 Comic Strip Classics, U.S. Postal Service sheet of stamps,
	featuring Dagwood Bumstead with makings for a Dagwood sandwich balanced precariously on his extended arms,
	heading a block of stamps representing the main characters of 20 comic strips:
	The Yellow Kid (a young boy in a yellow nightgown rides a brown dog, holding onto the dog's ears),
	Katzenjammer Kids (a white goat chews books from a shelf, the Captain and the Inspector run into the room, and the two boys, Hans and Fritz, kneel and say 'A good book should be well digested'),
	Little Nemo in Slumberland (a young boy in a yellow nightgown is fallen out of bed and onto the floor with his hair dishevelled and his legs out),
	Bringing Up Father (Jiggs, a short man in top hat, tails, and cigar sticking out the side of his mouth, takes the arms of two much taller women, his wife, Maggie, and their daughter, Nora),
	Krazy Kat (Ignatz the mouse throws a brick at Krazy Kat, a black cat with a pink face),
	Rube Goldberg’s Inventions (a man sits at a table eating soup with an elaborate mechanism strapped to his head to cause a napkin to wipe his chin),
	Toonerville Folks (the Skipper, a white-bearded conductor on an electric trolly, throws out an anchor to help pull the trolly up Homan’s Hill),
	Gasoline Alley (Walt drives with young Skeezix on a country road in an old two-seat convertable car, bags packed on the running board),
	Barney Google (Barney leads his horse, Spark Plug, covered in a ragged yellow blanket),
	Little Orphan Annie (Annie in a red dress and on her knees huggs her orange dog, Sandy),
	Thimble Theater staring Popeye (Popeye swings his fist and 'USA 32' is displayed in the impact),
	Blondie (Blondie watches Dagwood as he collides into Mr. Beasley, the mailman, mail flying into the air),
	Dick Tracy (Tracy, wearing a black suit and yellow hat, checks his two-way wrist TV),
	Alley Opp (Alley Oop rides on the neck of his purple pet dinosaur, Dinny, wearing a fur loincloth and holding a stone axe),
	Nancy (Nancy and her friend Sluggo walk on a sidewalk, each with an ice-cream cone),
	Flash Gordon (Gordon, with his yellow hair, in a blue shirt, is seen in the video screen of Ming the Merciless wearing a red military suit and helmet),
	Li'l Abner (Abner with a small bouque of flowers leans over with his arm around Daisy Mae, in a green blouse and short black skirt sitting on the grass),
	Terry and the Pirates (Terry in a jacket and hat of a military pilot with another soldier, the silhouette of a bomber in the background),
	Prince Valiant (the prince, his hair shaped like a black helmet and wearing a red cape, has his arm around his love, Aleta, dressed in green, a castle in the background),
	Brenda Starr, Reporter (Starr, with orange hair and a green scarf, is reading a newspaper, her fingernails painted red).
──────────────────────────────
How to complete this task =>
Lines with the word "arms" in them are the answer; report each one from the data.

Exercise output =>
	featuring Dagwood Bumstead with makings for a Dagwood sandwich balanced precariously on his extended arms,
	Bringing Up Father (Jiggs, a short man in top hat, tails, and cigar sticking out the side of his mouth, takes the arms of two much taller women, his wife, Maggie, and their daughter, Nora),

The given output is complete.